My research interests focus on Cell Biology and Physiology of fertilization and early embryonic development.

  • For the doctoral degree (University of California, Davis) I investigated the physiological and fine structural changes associated with egg activation in the decapod Sicyonia ingentis.
  • As an NIH Post-doctoral fellow (UC Davis School of Medicine) I studied the role of trypsin-like enzymes on steroidal induction human sperm activation.
  • As a post-doctoral fellow, and later on as a research faculty, at the UC Davis Bodega Marine Lab, I worked on many research projects, including:
    • Xenobiotic induction of stress protein expression in sea urchin embryos
    • Subcellular effects of lignin-derived macromolecules on echinoderm fertilization
    • Cytoskeletal dynamics during early algal development and the effects of environmental pollutants on it
    • Physiology of herring sperm activation
    • Effect of polycyclic aromatic hydrocarbons (PAH) on sea urchin embryonic axis specification


Research in my laboratory at Sonoma State University focuses on the developmental effects of PAHs on invertebrate (sea urchins) and vertebrate (zebrafish) early embryos. These compounds are a class of organic xenobiotics and are released into the environment from a variety of natural and anthropogenic sources. Several studies have demonstrated that PAHs significantly contribute to human and other animal health risk through their carcinogenic, genotoxic and teratogenic effects.

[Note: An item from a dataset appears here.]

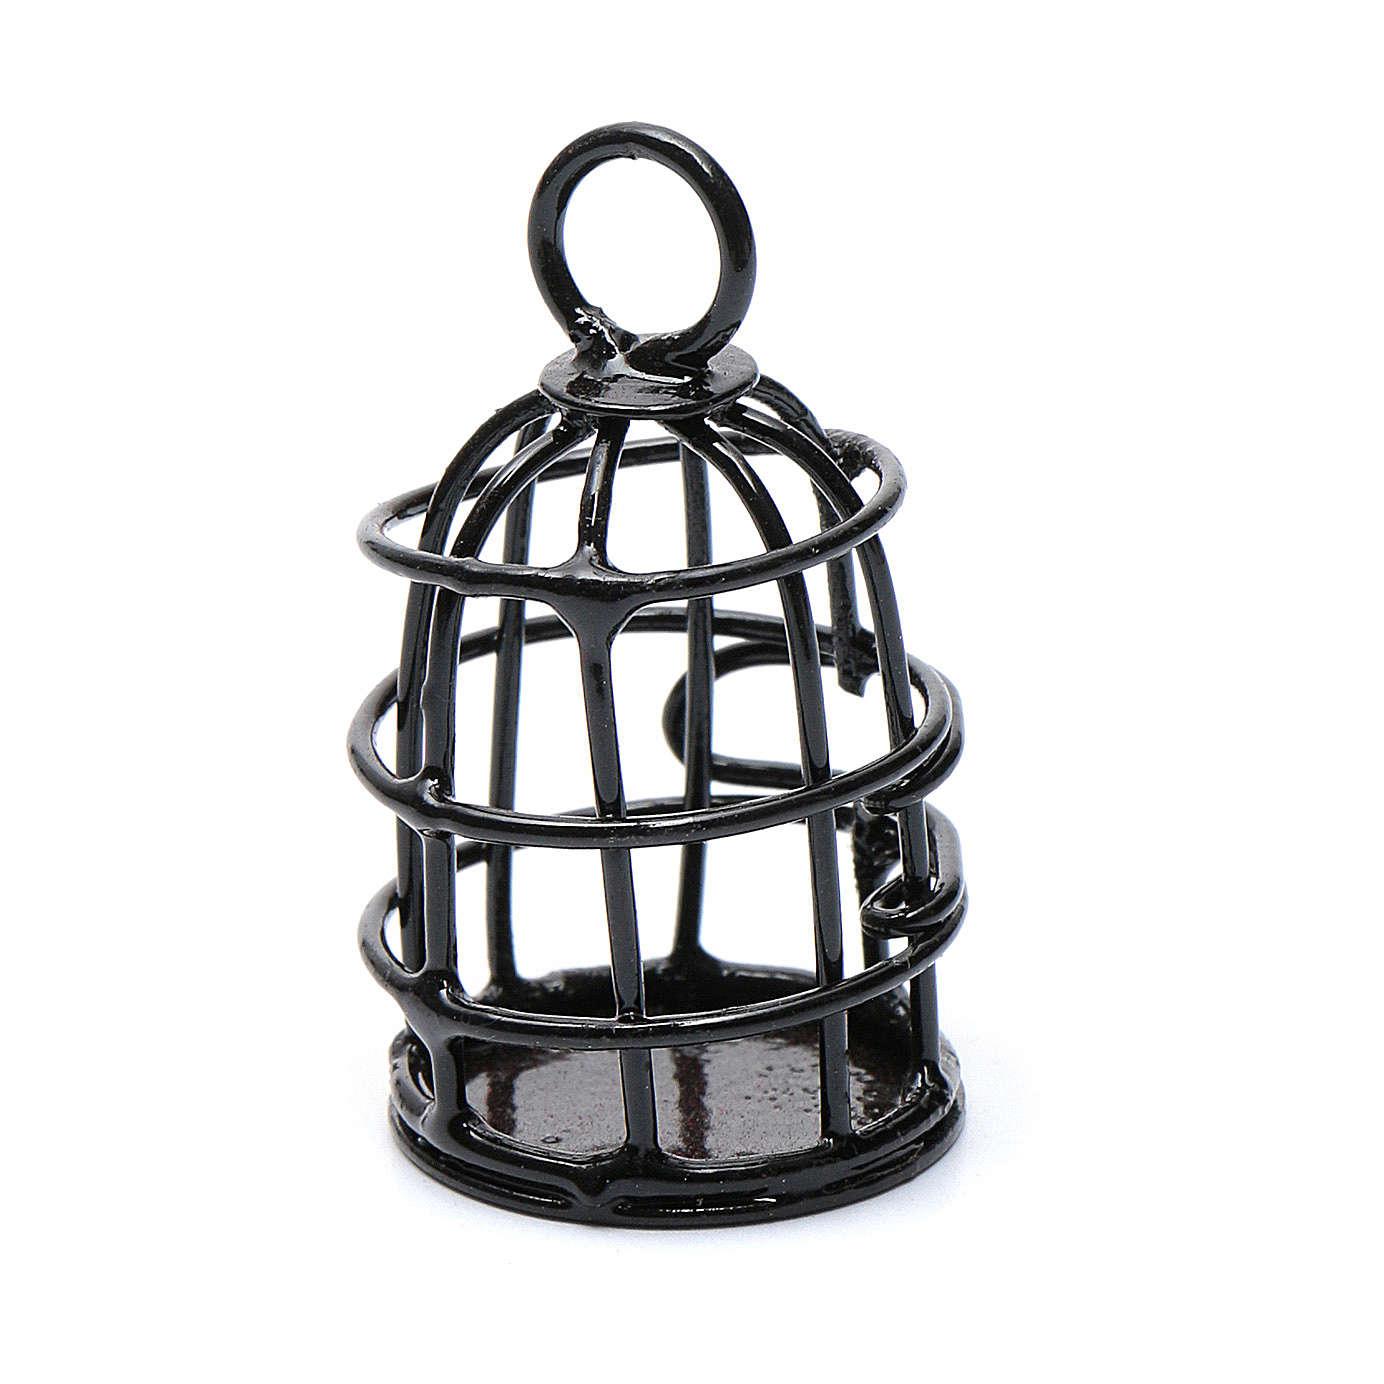 Klatka dla ptaków metal wys rzeczywista 4 cm do szopki 4

The toxicological effect of PAHs is typically mediated through PAH binding to the aryl hydrocarbon receptors (AhR) in target cells, and subsequent altered gene expression. However, our recent studies using sea urchin embryos have demonstrated a direct link between PAH exposure and accumulation of nuclear β-catenin (a highly conserved multifunctional protein that regulates cell-cell adhesion and gene transcription) in embryonic cells and abnormal axis specification during development.

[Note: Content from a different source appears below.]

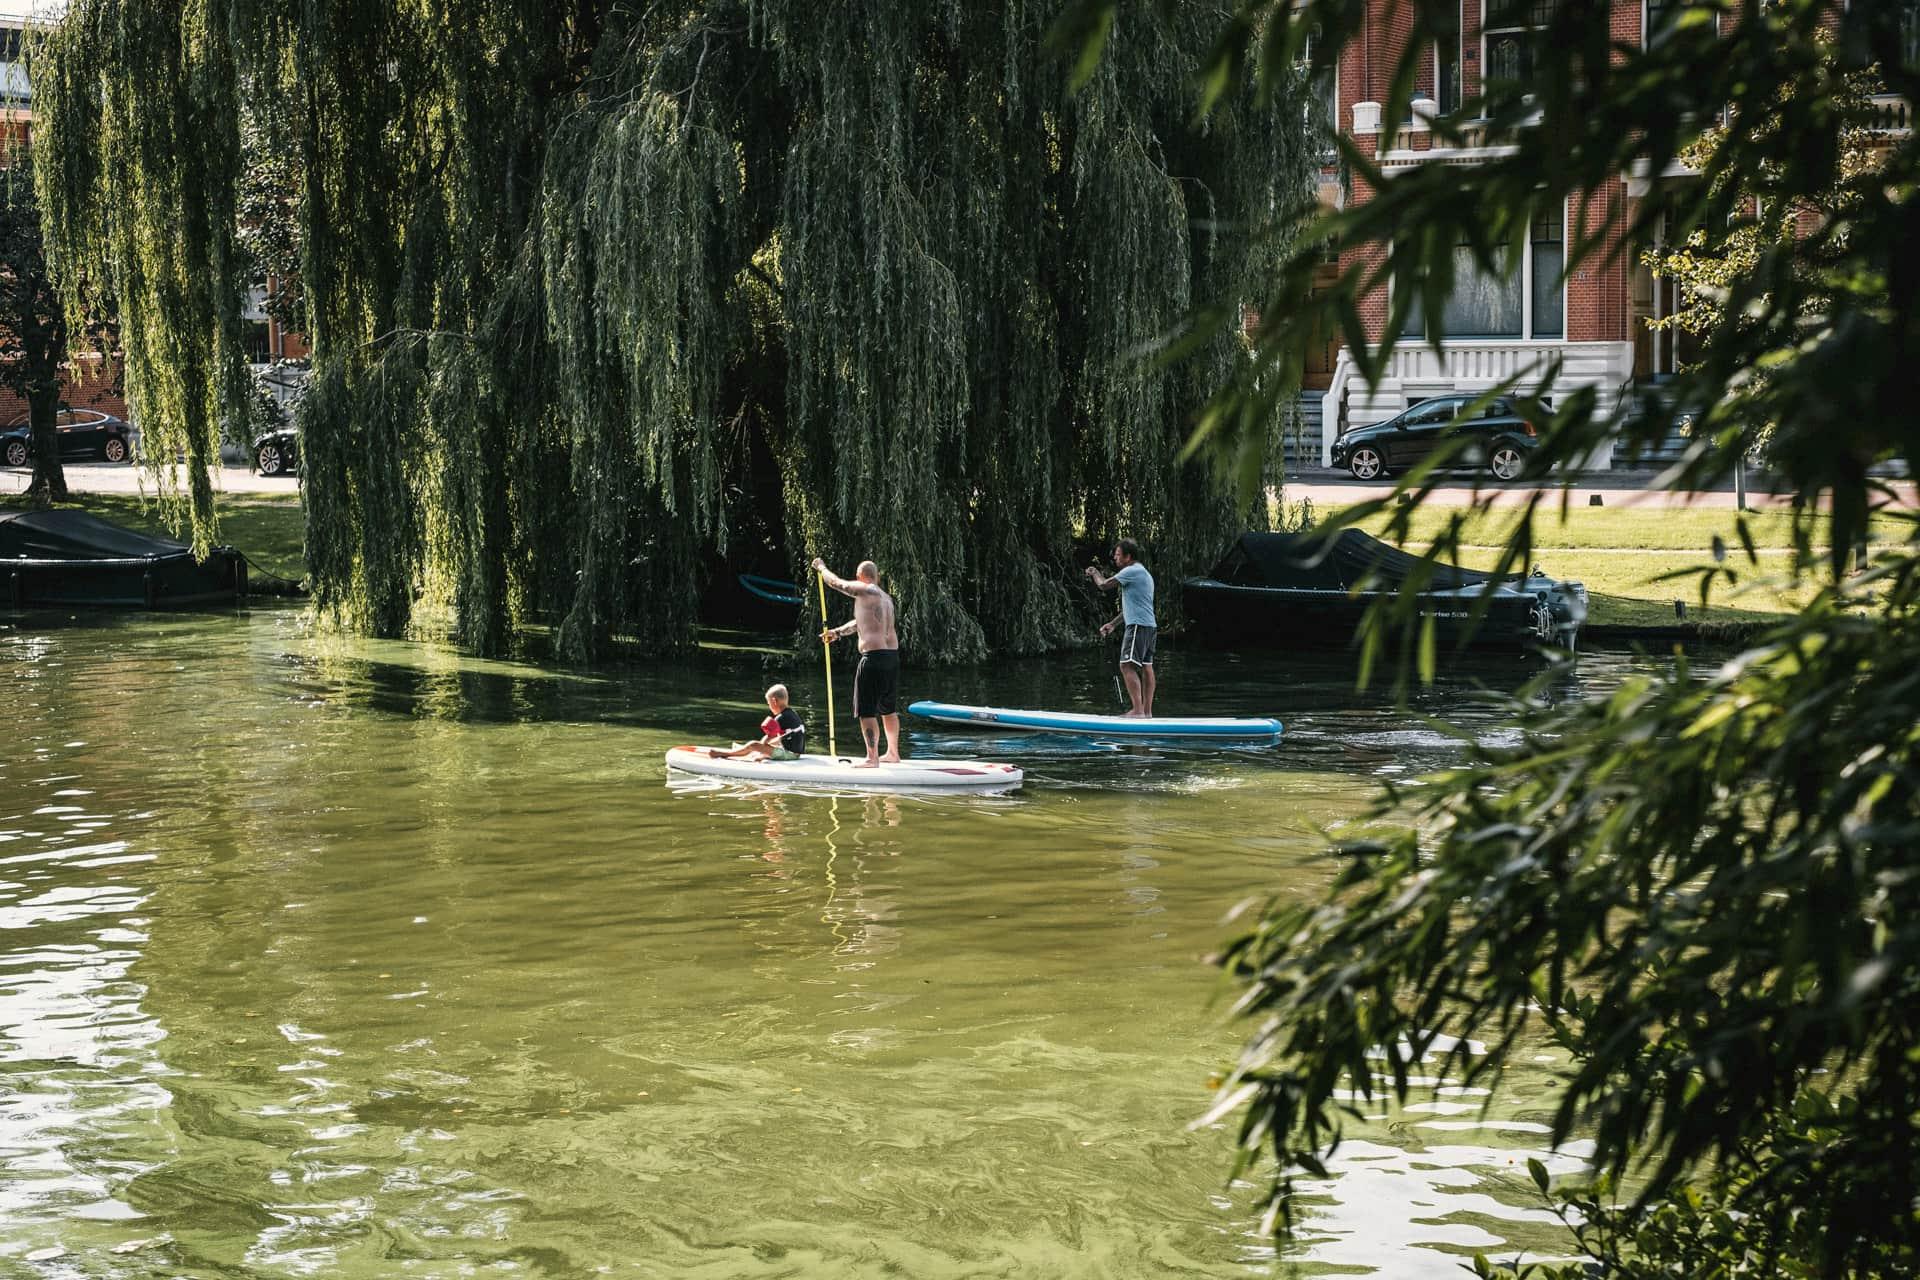 En paddle, c'est fun!

Nuclear β-catenin accumulation is an evolutionarily conserved part of the canonical Wnt/wingless signaling pathway involved in both regulation of cell proliferation and axis determination during metazoan embryogenesis. In sea urchins embryos, we have shown that PAHs down-regulate the activity of a crucial component in the Wnt pathway, Glycogen Synthase Kinase (GSK)-3β, and thus its ability to regulate cytosolic stability of β-catenin causing its increased nuclear accumulation. Using early embryos of the sea urchins (Strongylocentrotus purpuratus and Lytechinus anamasus) as experimental systems, we currently seek to:

  • establish and further document the relationship between PAH exposure, nuclear β-catenin accumulation, and abnormal embryonic axis specification, and
  • determine the effects of PAHs on the activity of GSK-3β, its phosphorylation states, as well as its ability to regulate cytosolic stability of β-catenin.

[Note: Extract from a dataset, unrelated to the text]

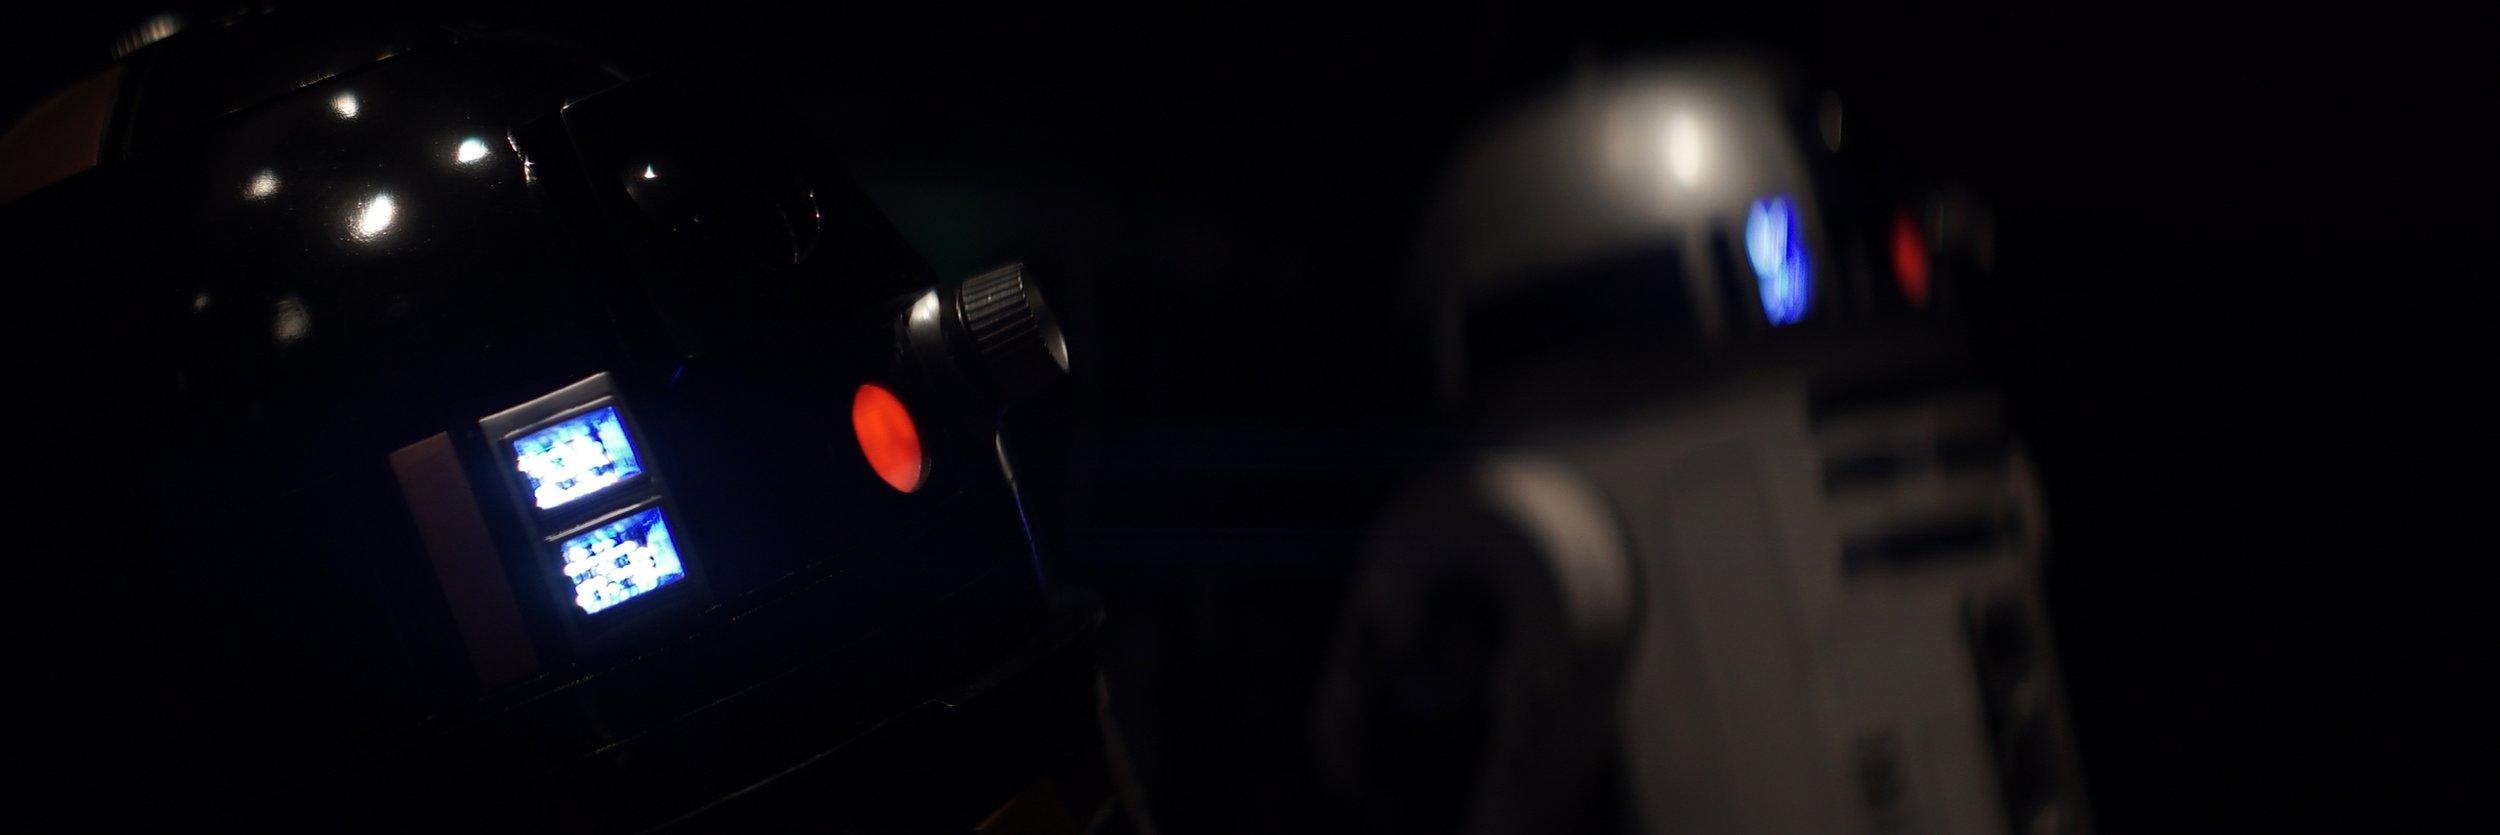 R2 & R2

In addition, zebrafish (Danio rerio) early embryos are currently being used to investigate how PAHs may interfere with normal embryogenesis, specifically the effects of PAHs on:

  • muscle cell proliferation
  • somite development and differentiation, and
  • skeletogenesis.

Interested undergraduates and prospective graduate students may contact me at for more information about these research projects.



  • Pillai, M.C., Vines, C.A. and Cherr, G.N. 2010. Developmental effects of polycyclic aromatic hydrocarbons: disruption of embryonic axis development in sea urchins through a β-catenin dependent pathway. Biotechnological Solutions to Environmental Sustainability, Vellore Institute of Technology Press, India.

  • Cherr, G.N., M. Morisawa, C.A. Vines, Yoshida, K., Smith, E.H., Matsubara, T., Pillai, M.C., Griffin, F.J. and Yanagimachi, R. 2008. Two egg derived molecules in sperm motility initiation in the Pacific herring (Clupea pallasi). Int. J. Dev. Biol., 52: 743-752.

  • Pillai, M.C., Vines, C.A., Wikramanayake, A.H. and Cherr, G.N. 2003. Polycyclic aromatic hydrocarbons disrupt axial development in sea urchin embryos through a beta-catenin dependent pathway. Toxicology, 186: 93-108.

  • Vines, C.A., Kiroku, K., Griffin, F.J., Pillai, M.C., Morisawa, M., Yanagimachi, R. and Cherr, G.N. 2002. Motility initiation in herring sperm is regulated by a reverse sodium- calcium exchange. Proc. Natl. Acad. Sci. (USA). 99: 2026-2031.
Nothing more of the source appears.